* What this task involves *
From top to bottom, retype the data exactly, passing over any picture.

[Data shown — start]

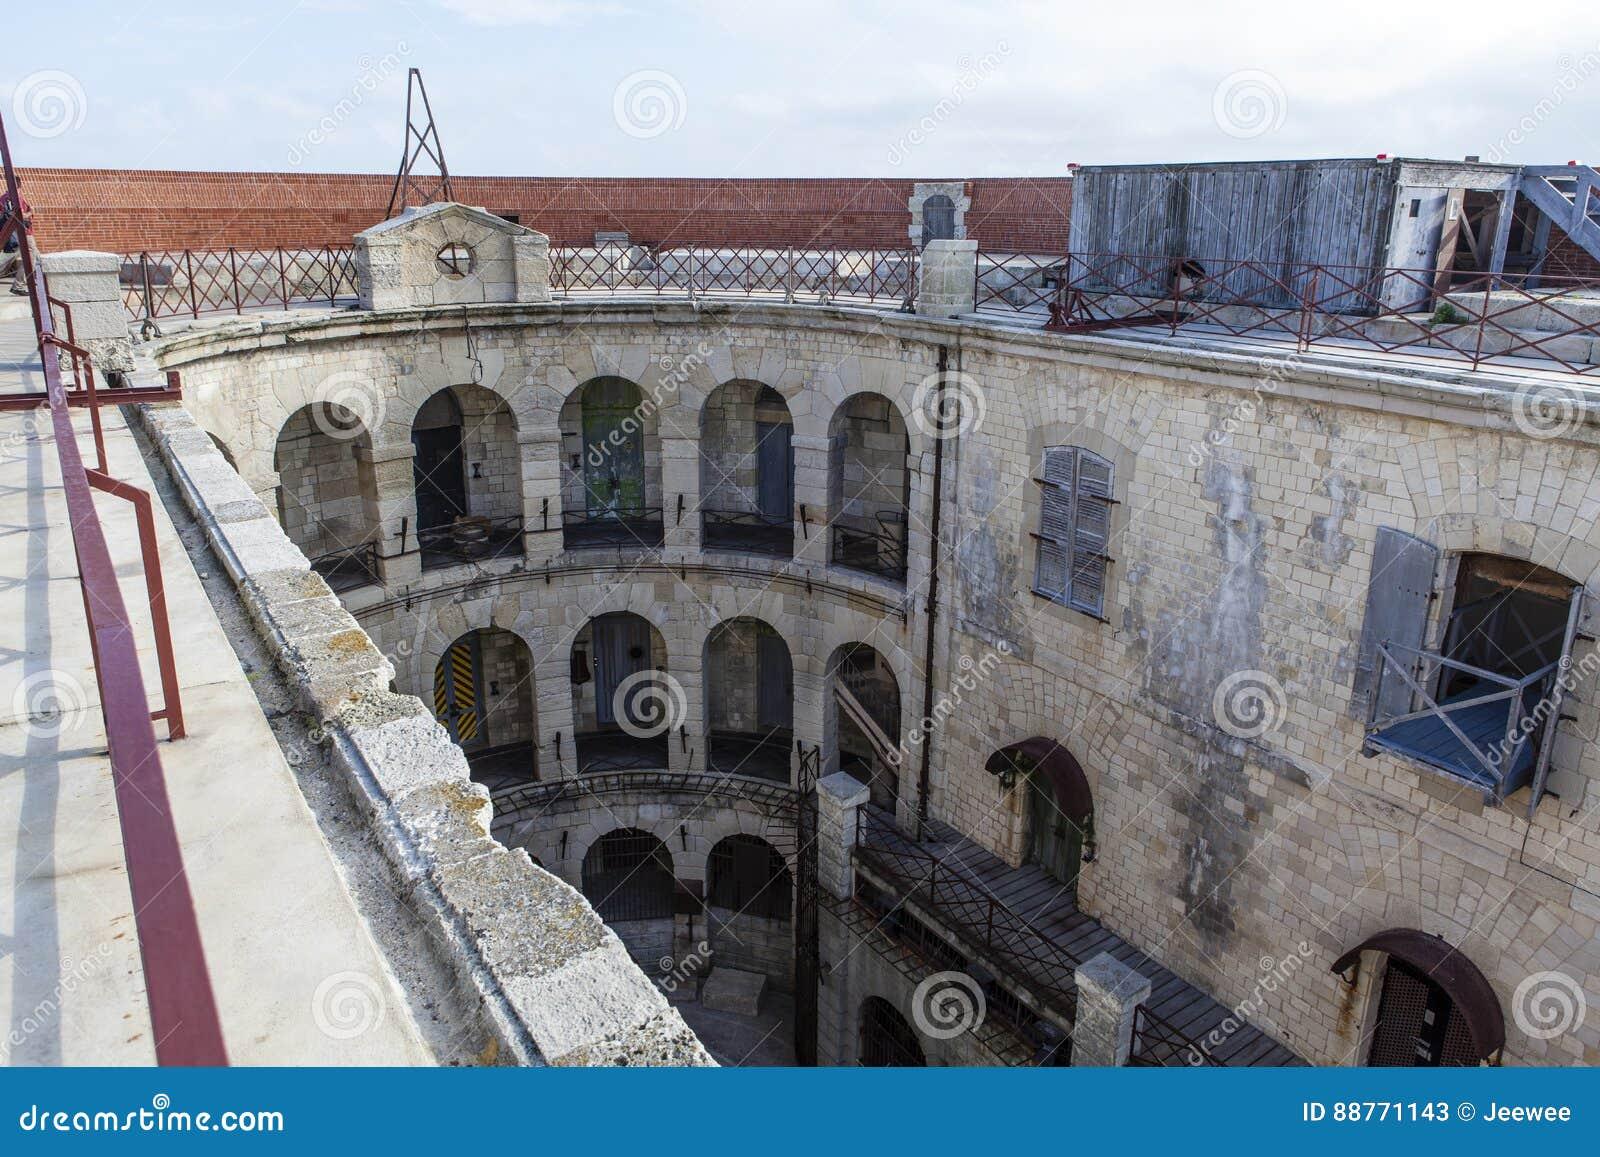 Interior Of Fort Boyard In France, Charente-Maritime, France Stock ...
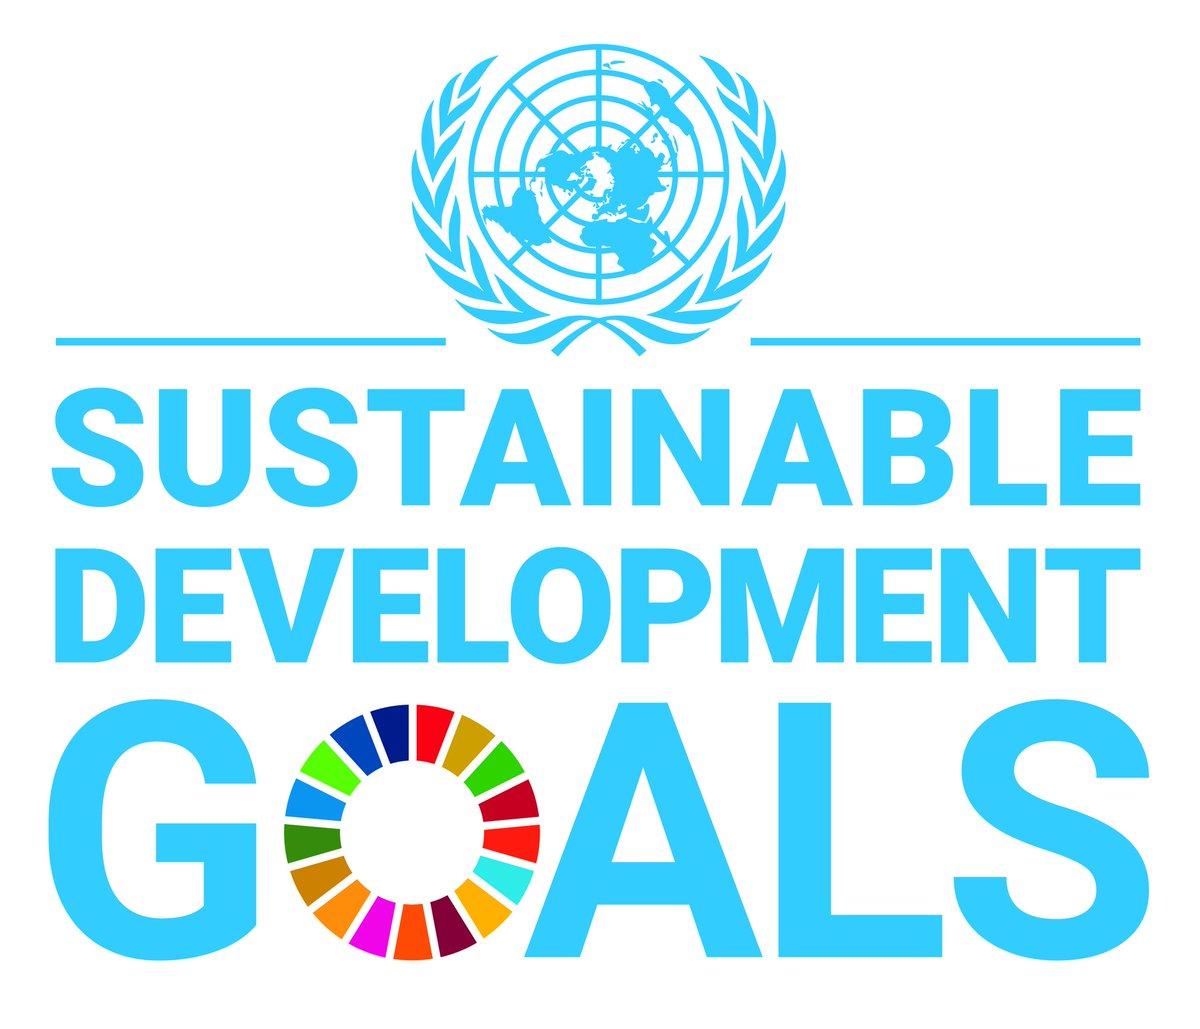 Today we are saying, HAPPY BIRTHDAY #SDGs. Feliz cumpleaños #SDGs. Bon anniversaire #SDGs.  The 193-Member United Nations General Assembly formally adopted the 2030 Agenda forSustainable Developmenton 25September 2015. @SDG2030 @SDGoals @SDGsKenyaForum @AdamRogers2030 @Dr_Jim1 https://t.co/XaiMM508qz
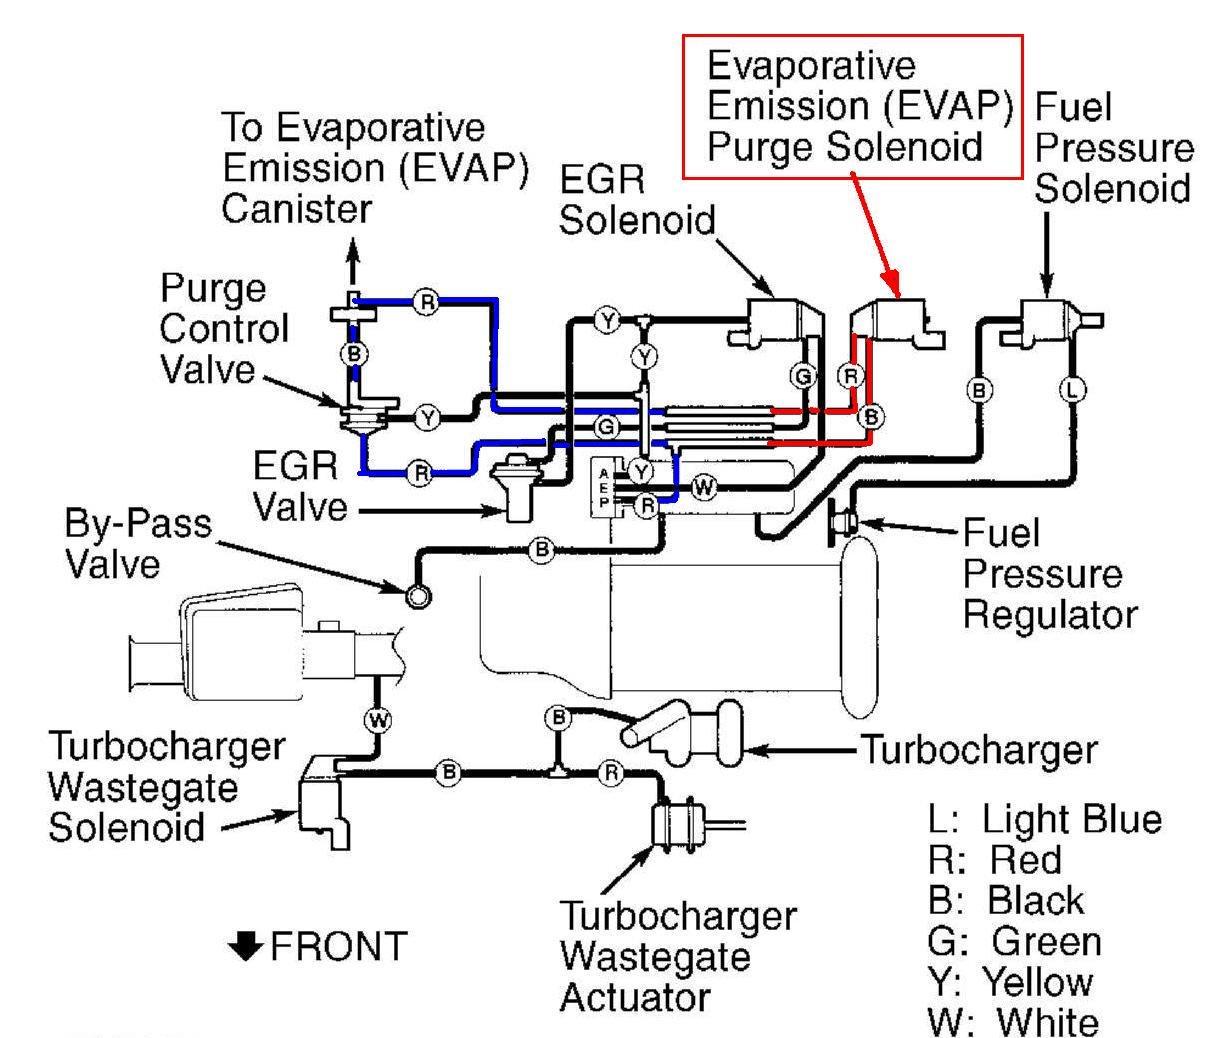 Golkar New Emission Vacuum Vlave Parts For Mitsubishi: 1997 Eclipse, Code Is P1494......Mfg Control Aux. Emission

[Data shown — finish]

* Your solution *
 Interior Of Fort Boyard In France, Charente-Maritime, France Stock ...
 Today we are saying, HAPPY BIRTHDAY #SDGs. Feliz cumpleaños #SDGs. Bon anniversaire #SDGs.  The 193-Member United Nations General Assembly formally adopted the 2030 Agenda forSustainable Developmenton 25September 2015. @SDG2030 @SDGoals @SDGsKenyaForum @AdamRogers2030 @Dr_Jim1 https://t.co/XaiMM508qz
 Golkar New Emission Vacuum Vlave Parts For Mitsubishi: 1997 Eclipse, Code Is P1494......Mfg Control Aux. Emission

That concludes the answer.